Brain Imaging Center & Art Dept.

Brain Imaging Center & Art Dept.

Wednesday, February 16, 2011

notes for my group: Deconstruction/Reconstruction or Art Ed & Visual Literacy


In her article, "Making a Case for Design-Based Learning," which appeared in Arts Education Policy Review, Meredith Davis makes a case for a design-based art curriculum--a curriculum that analyzes the elements of design and applies them to the production of a visual product--as one strategy for "curbing the marginalization of the arts in schools."  She argues that some of the dominant language in education reform arguments (hands-on problem solving, project-based instruction, and portfolio assessment) is borrowed directly from design education and that design-based learning is a natural fit for a constructivist approach to present outcomes-oriented education goals.  Davis sights the work of Michael Joyce, a professor of English at Vassar, as making an argument that "a technological shift in human consciousness, brought about by hypermedia, that is as consequential as the shift from an oral to print culture" has occured and that the processes of writing have fundamentally changed as a result, making it a visual as well as verbal endeavor.

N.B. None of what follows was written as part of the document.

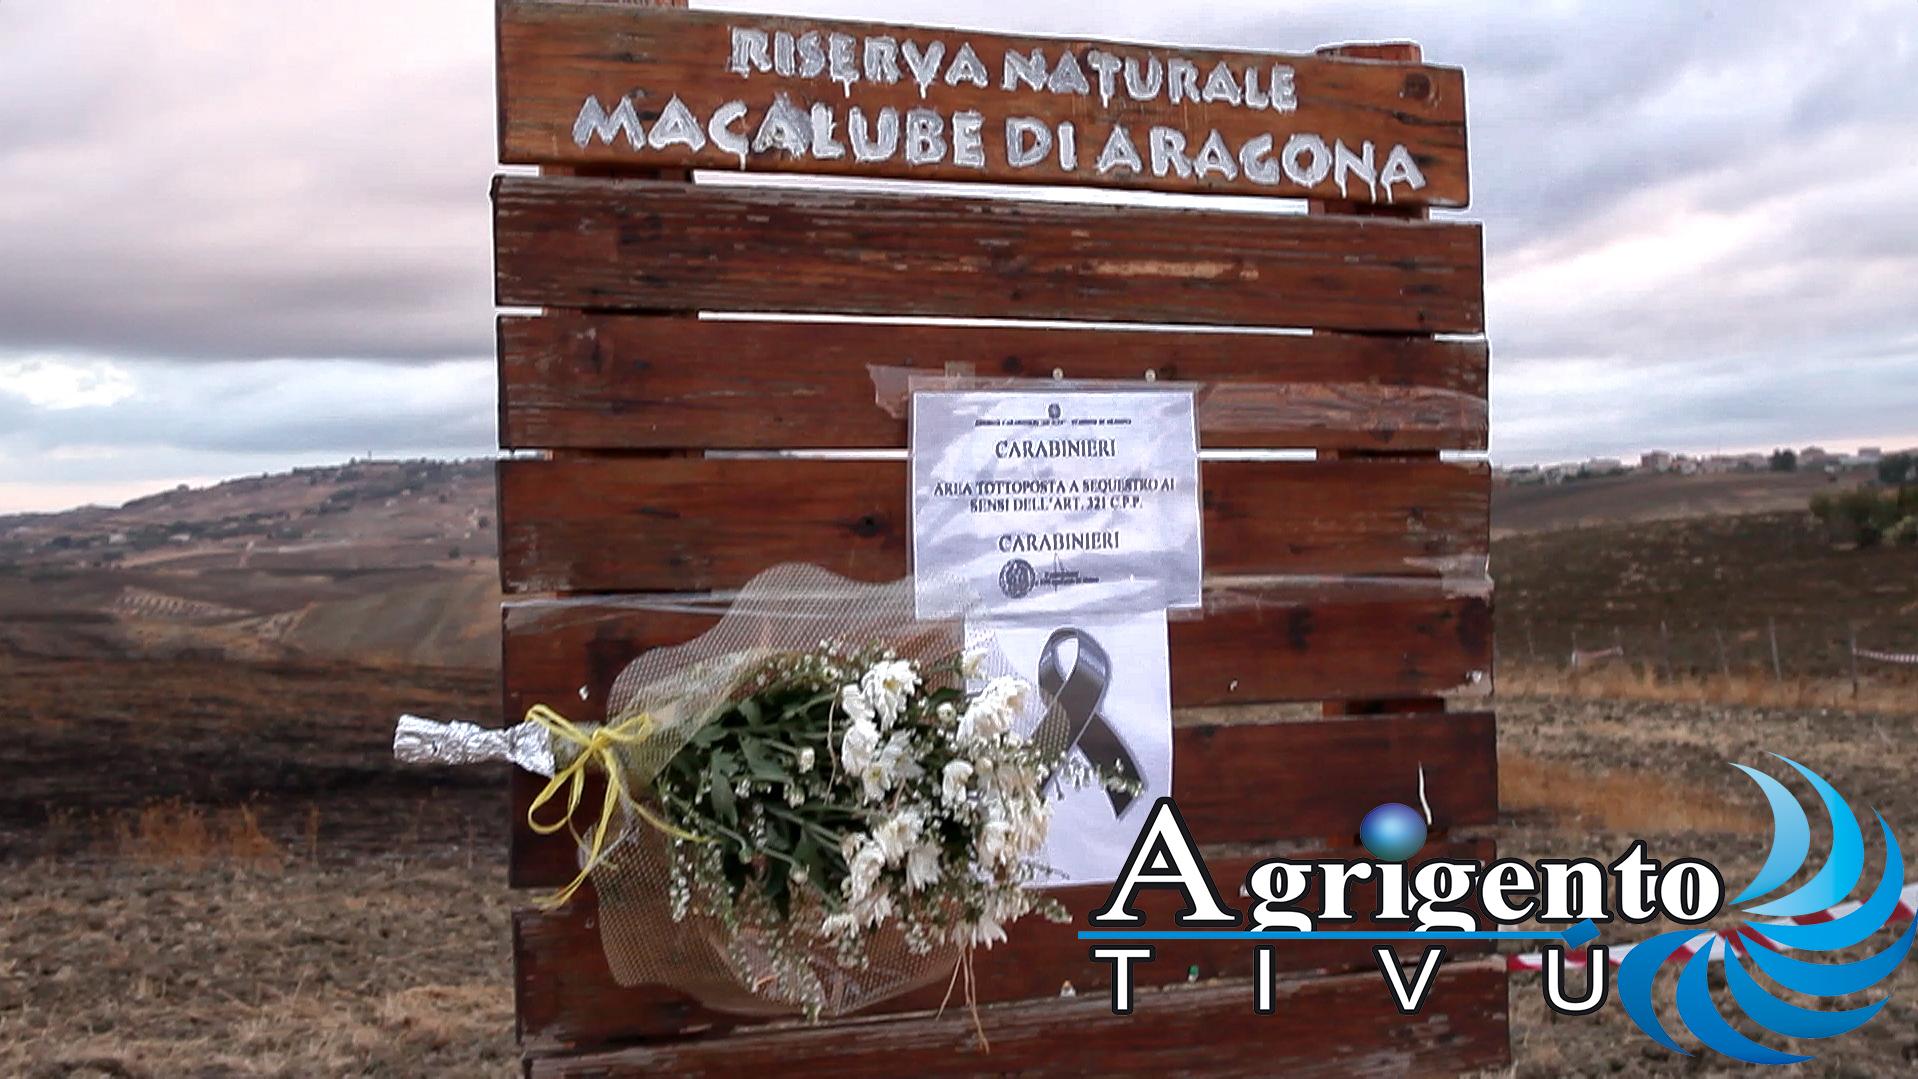 Tragedia Macalube, la Procura nomina un consulente tecnico
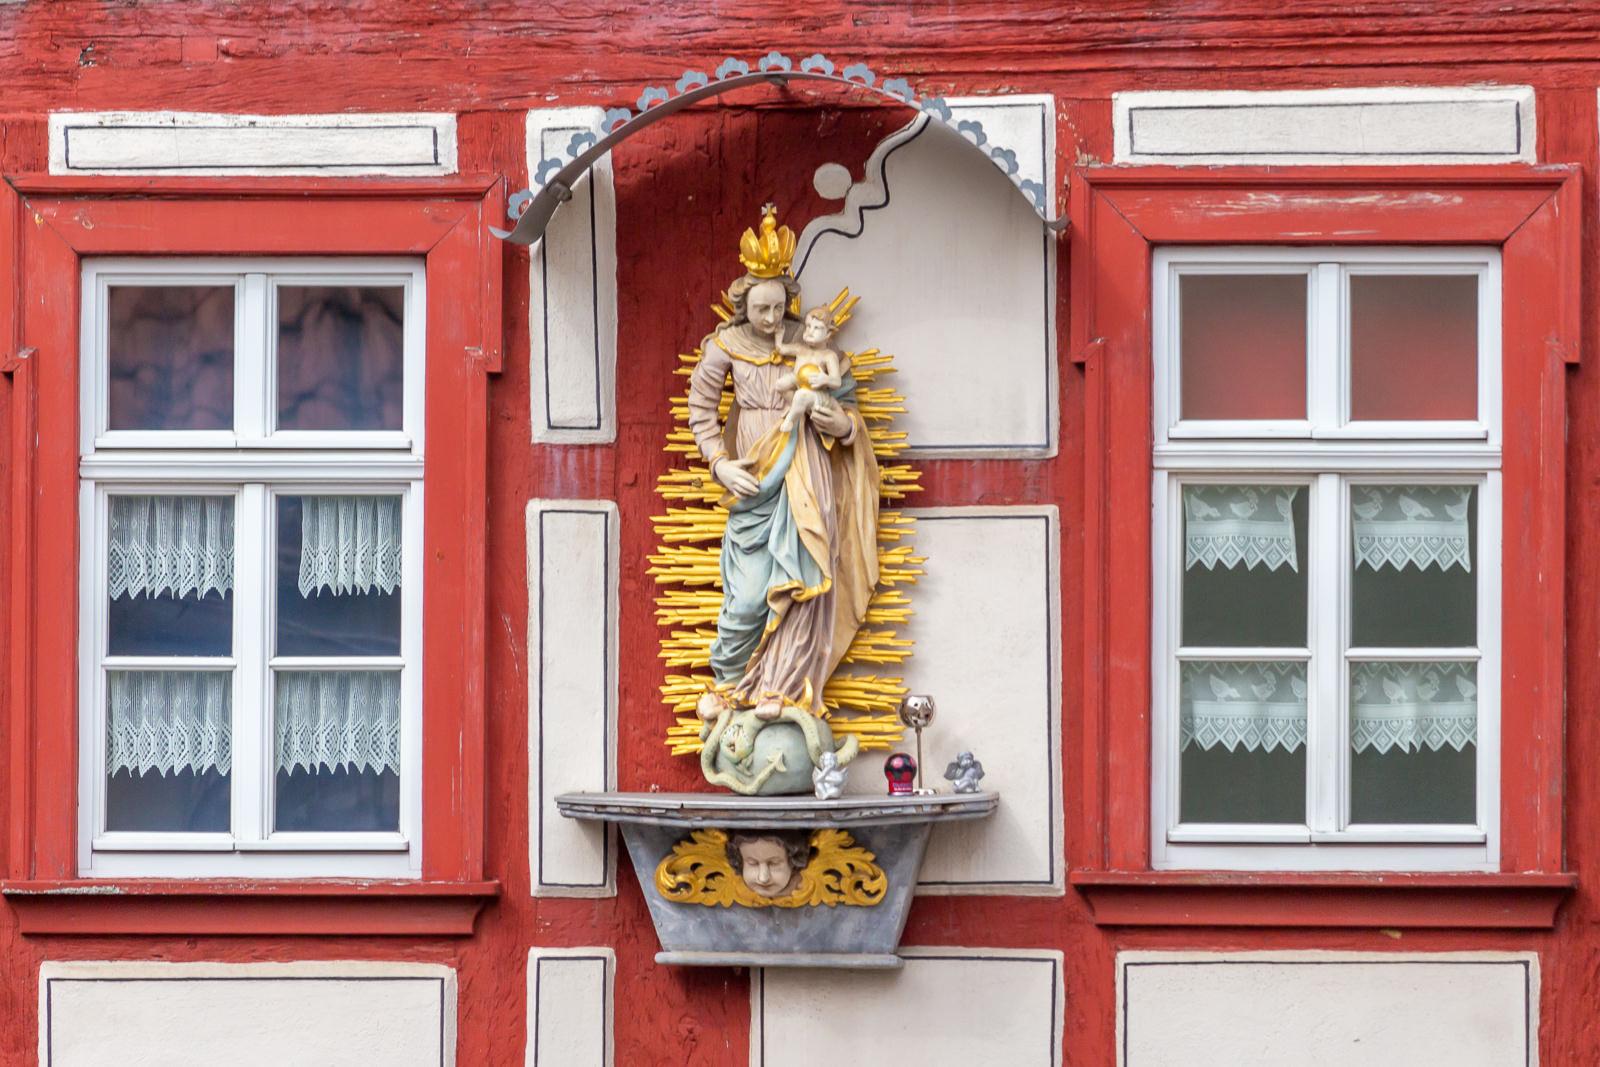 Iphofen, Weinort, Fränkisches Weinland, Unterfranken, Franken, Bayern, Fraenkisches Weinland

More recently, Renee Sandell of George Mason University wrote "Using Form+Theme+Context (FTC) for Rebalancing 21st-Century Art Education" for Studies in Art Education.  In this article she suggests that the unique needs of the 21st century require a reconsideration of the art education curriculum to equip students to "encode visual concepts through creating art and to decode meaning by responding to society's images, ideas, and media."  Her approach attempts to maintain the separateness of art from other forms of visual culture (she likens it to poetry) while instituting a systemic approach to decoding all visual data (art or otherwise).  Her system recognizes artwork as a product of unique cultural, historical, and technical pressures and attempts to provide a framework for picking apart these details, but she puts more emphasis on unique creative response and less on formal problem solving than the approach advocated by Meredith Davis.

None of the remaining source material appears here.